On average, the Estonian household saves approximately 38,000 kroons, about 18,000 kroons per person. The sum of deposits in Estonian banks is nearly 26 billion kroons, up 4.5 billion kroons since January, central bank statistics said.
The surge in savings is mainly accredited to the population's fear of economic instability, analysts say.
"In the last couple of years, it has been the kind of economic cycle that brings such behavior," Margus Kisel, Hansapank analyst, said. "The economy is slowing down and the future may not be bright, so people think more of the future and save."
Compared to their European counterparts, Estonians are not far off in their savings habits. A 1996 Eurostat report calculated 1,808 euros as the average savings of a European Union member. Italians topped the 15 nation list saving about 50 percent more than their neighbors, while the Danes saved the least, 60 percent less than other Europeans.
By these latest figures available, Estonia ranks alongside the Swedes and Finns, saving less than 40 percent of the European average.
A 1998 survey by the Estonian Institute of Economic Research revealed that Estonians rate the state of the economy as poor, even though average household incomes have risen. From 1997 to 1998, incomes grew over 15 percent.
In the same survey, reports the Ministry of Economic Affairs, 56 percent of Estonians said they were just making ends meet, and 21 percent said they were living on credit or prior savings.
Paavo Pold, senior analyst at Suprema Investments, said the stock market crash in 1997 resulted in many Estonians shying away from riskier investments, more uncertain about the safety of the bourse and settling for personal savings accounts with relatively high interest rates.
"In Estonia, the vast majority still keep their money in bank deposits," Pold said. "People's perception of risk changed in 1997. The amount of people who actively invest in bonds and stocks has been greatly reduced."
Besides staying at bay from risky business, Pold said that regulation of the stocks and bonds markets also keeps people away from investing there.
"The product range is out there," Pold said referring to the availability of mutual funds, bonds and other investor options. But, "if we look at the bond market it is not readily available for the small investor," he said.
Recent statements by the president of Tallinn's stock exchange indicate a move to make it easier for small investors to enter the market. Additionally, some bourse monitors have said Baltic accession negotiations with Norex, the alliance of the Stockholm and Copenhagen exchanges, will also open up the exchanges to more investors.
The recent trend to save more isn't necessarily harmful to Estonia, Pold said, as inflation remains low.

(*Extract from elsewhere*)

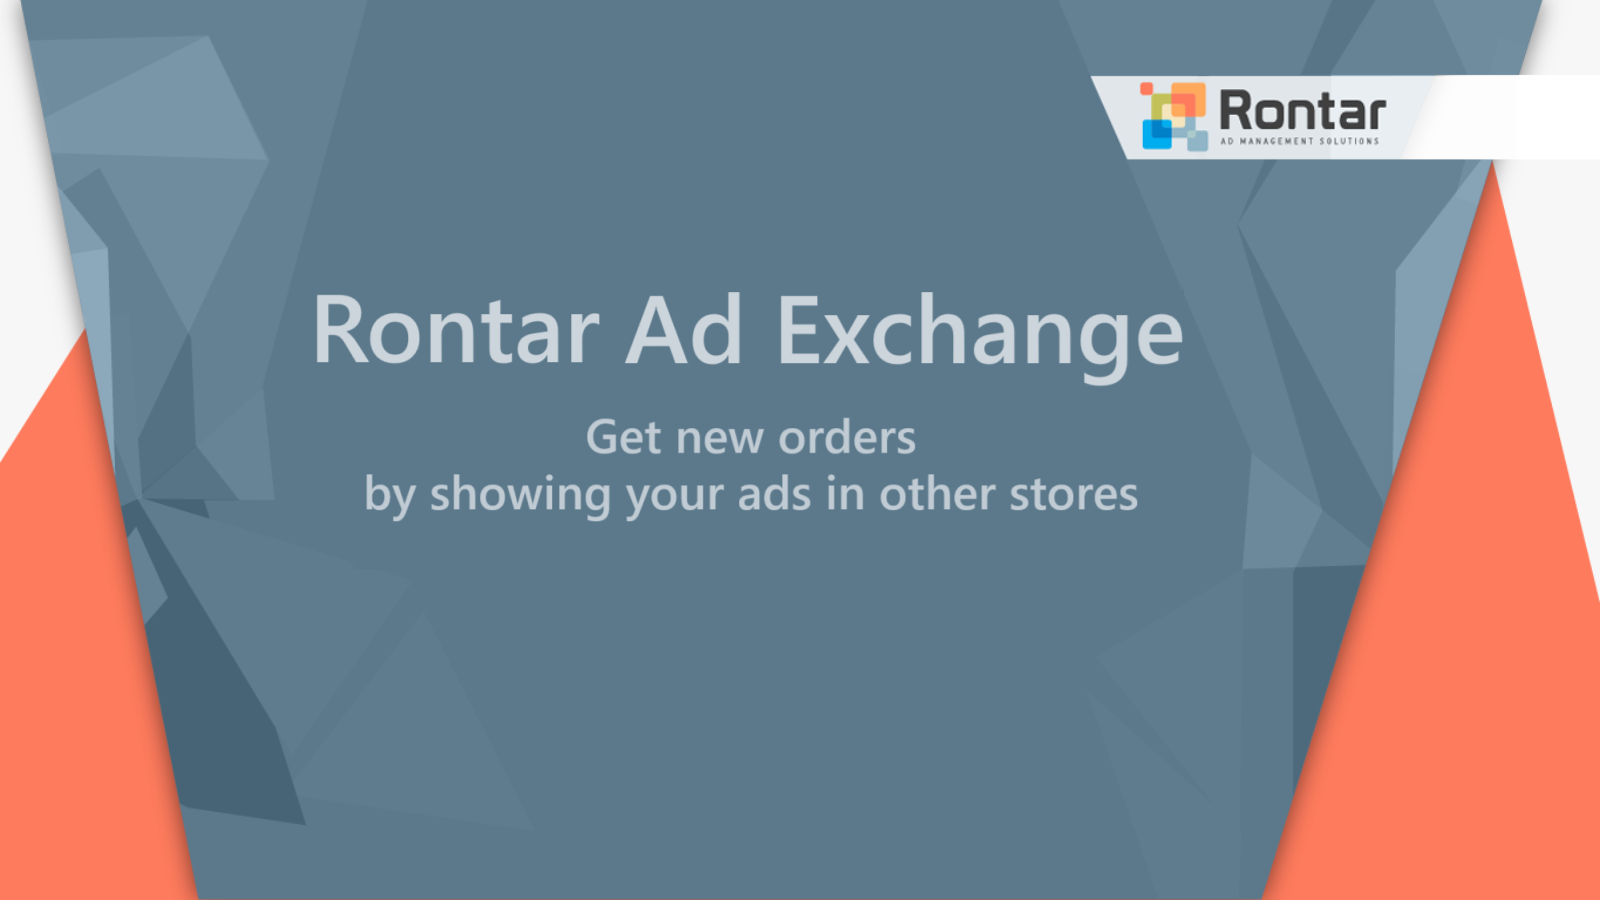 Get new orders by showing your ads in other stores

Whereas some economists worry about the United States' current spending rate—on average U.S. households save only one-third of the amount that those in Japan, Germany and Italy do—and others are concerned at the hyper-frugal culture of Japan, where consumer spending is down 4 percent and savings equal over $10 trillion, Pold doesn't see harm in the current trend to save.
"In a country like Estonia, more savings is always a better thing. We are a small and open economy," Pold said. "If you look at the size of economy, the bulk of the funding still has to come from abroad. Foreign investments still remain a very important and integral part of the economy."
However, some analysts do see fallout for the retail market as consumers choose to keep their kroons in their pockets.
"Some sectors will hurt, like retail stores and such. It is best to keep the balance between saving and spending," Kisel said.